■ **How to complete this task**
Locate every line below that contains the word "Park" and copy it.

■ **Data extract**
━━━

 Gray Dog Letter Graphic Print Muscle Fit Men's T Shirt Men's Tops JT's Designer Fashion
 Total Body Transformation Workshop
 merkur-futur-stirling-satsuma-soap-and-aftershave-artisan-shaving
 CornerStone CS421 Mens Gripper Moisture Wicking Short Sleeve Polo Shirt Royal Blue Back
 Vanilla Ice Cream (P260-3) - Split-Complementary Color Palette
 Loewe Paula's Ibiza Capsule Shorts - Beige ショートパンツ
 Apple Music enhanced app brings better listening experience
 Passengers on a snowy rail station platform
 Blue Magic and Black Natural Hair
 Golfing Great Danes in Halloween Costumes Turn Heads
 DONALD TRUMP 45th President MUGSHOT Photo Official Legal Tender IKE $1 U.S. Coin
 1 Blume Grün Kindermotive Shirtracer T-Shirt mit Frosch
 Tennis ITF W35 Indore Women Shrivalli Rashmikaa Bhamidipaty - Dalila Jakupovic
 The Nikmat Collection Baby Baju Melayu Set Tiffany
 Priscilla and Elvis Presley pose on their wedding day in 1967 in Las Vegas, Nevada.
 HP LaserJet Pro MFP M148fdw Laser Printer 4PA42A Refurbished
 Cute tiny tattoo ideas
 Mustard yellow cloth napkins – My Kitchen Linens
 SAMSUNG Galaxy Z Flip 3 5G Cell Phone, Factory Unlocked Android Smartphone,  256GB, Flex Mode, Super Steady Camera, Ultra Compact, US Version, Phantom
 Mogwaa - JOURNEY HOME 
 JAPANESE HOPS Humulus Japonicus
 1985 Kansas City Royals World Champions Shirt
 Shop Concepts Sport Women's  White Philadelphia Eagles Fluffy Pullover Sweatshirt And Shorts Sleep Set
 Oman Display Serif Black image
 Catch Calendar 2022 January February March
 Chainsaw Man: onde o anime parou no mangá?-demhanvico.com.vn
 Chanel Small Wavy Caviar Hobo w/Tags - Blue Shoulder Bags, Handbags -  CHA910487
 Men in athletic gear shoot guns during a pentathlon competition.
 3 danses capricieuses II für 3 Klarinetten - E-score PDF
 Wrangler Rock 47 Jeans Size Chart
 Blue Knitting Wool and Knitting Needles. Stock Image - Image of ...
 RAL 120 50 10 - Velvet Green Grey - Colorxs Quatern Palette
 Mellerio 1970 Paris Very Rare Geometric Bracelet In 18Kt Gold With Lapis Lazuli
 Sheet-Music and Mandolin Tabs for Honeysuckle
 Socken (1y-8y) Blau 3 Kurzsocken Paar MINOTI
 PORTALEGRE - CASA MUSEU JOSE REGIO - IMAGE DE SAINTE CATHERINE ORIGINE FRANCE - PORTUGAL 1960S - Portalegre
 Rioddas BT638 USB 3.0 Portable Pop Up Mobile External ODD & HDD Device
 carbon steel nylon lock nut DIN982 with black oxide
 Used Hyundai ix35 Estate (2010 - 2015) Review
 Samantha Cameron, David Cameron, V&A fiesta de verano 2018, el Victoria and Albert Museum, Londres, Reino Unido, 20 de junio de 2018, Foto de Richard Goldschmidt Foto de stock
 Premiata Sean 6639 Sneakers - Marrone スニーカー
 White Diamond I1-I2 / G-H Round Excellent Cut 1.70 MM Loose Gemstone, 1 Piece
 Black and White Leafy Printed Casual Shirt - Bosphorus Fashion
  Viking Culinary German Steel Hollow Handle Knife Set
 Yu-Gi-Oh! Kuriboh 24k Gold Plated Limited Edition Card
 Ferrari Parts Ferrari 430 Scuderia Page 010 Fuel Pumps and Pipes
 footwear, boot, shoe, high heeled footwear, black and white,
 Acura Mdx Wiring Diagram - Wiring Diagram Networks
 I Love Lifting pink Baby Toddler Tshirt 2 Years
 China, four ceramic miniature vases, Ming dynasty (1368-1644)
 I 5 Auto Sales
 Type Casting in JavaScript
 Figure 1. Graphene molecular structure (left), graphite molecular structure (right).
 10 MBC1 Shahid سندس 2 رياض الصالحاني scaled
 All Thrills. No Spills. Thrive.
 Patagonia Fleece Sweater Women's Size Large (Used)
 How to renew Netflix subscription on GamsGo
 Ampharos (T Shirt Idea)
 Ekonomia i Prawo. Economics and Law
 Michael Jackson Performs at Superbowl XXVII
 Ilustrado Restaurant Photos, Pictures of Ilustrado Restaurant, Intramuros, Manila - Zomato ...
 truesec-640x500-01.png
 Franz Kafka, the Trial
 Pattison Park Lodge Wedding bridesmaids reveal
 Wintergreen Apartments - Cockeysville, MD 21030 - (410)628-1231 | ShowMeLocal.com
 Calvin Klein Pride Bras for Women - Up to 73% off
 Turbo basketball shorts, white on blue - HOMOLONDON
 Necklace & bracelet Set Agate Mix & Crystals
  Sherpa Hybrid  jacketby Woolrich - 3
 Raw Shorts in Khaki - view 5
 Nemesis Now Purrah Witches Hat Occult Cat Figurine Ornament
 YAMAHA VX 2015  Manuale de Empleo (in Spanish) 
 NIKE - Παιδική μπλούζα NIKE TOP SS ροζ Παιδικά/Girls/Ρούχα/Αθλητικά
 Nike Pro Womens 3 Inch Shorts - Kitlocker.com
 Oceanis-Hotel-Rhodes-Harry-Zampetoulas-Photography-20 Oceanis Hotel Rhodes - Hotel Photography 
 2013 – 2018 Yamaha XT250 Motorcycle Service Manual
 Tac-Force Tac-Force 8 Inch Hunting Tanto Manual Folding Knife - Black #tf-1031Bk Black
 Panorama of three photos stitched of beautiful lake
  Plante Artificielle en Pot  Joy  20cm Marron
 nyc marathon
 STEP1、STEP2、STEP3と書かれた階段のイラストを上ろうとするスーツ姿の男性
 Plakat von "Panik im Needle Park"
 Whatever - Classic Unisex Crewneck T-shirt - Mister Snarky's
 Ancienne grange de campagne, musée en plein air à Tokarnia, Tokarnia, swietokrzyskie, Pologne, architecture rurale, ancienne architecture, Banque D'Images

━━━

■ **Solution**
 Pattison Park Lodge Wedding bridesmaids reveal
 Plakat von "Panik im Needle Park"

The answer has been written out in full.